# Java3D , JOGL oder LWJGL



## Matze (15. November 2007)

hi,

ich muss micht demnächst auf der Arbeit mit den Möglichkeiten der 3D Programmierung auseinandersetzen. Dabei hab ich herausgefunden, dass es da mehrere Bibliotheken gibt, mitdenen man das realisieren kann.
Meine Frage: wie unterscheiden sich Java3D - JOGL - LWJGL? Erlernbarkeit, Performanz, Vorkentnisse (OpenGL), Einsatzziel?


----------



## TdC (5. Januar 2011)

Diese Frage stell ich mir auch gerade. hat du eine Antwort nach den 3Jahren die du nun Zeit hattest? oder kann jemand anders helfen?

ps: sry das ich die Leiche auswecke, doch bei google is der Link weit oben. werden/waren sicher schon viele mit der selben Frage hier...


----------



## Matze (5. Januar 2011)

Nein, aber ich habe das auch nicht weiter verfolgt, da das Vorhaben im Hintergrund abgebrochen wurde.


----------



## BanKiBoon (11. Januar 2011)

Um mal mein gefährliches Halbwissen möglichst verwirrend unter die Menge zu bringen....

Java3D ist eher eine Engine, JOGL und LWJGL nur die Komponenten zum Ansprechen der Graka.
Kurz: Java3D könnte JOGL oder LWJGL verwenden (ob es das tut weiß ich gerade nicht, zu lange her...)

Ein Vergleich zwischen Java3D, JMonkey und Xith wäre da sinniger da alle Engines sind. Vor ca 8 Jahren war Java3D ziehmlich tot, JMonkey für mich zu kompliziert und Xith gut. Das kann (und wird wahrscheinlich) heute anders seind.

Die Vor und achteile in der Verwendung von JOGL oder LWJGL kenn ich nicht.
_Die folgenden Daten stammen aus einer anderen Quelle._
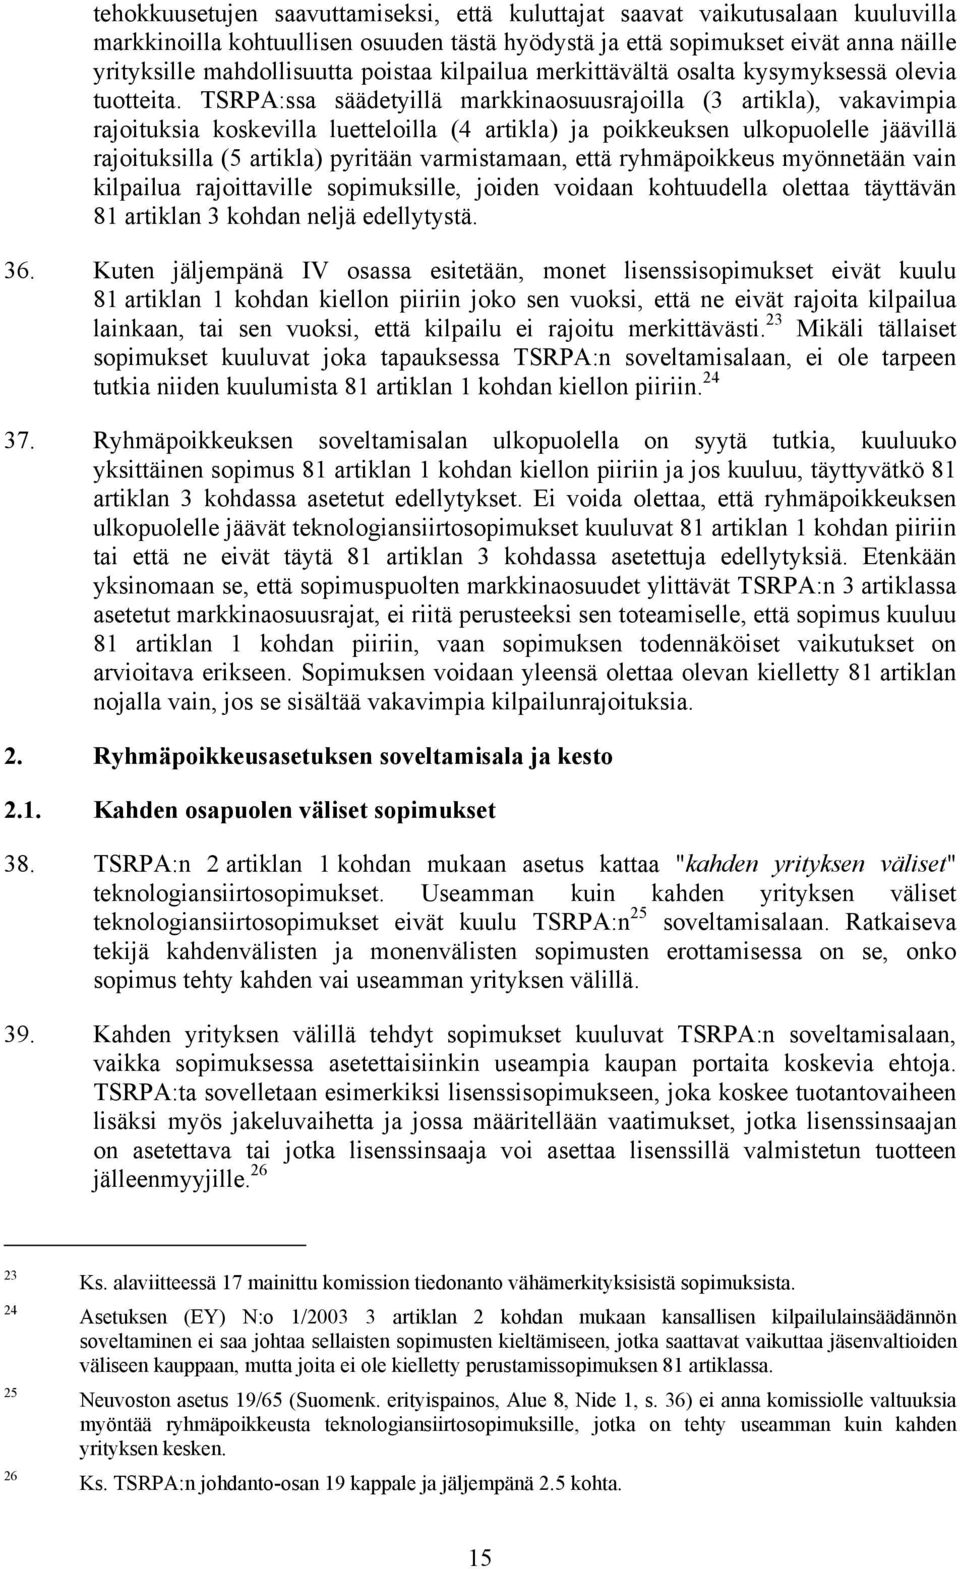 TSRPA:ssa säädetyillä markkinaosuusrajoilla (3 artikla), vakavimpia rajoituksia koskevilla luetteloilla (4 artikla) ja poikkeuksen ulkopuolelle jäävillä rajoituksilla (5 artikla) pyritään

Vielleicht wäre es da einfacher auf die jeweilige Hompage der Projekte zu gehen und dort mal ein wenig zu rechechieren.


----------



## doe300 (16. März 2011)

also Java3D und jMonkeyEngine kann man nur schwer vergleichen, da Java3D das minimalste bietet, dass sich noch 3D nennen kann, während jmonkeyengine sehr viel mehr Features bietet:
- sowohl JOGL als auch LWJGL als Basis nutzbar
- Animationen
- Shader (OpenGL)
- Material-System
- Resourcenmanagment + Caching von Daten (z.B. Modellen)
- volle jBullet-Integration (Physik)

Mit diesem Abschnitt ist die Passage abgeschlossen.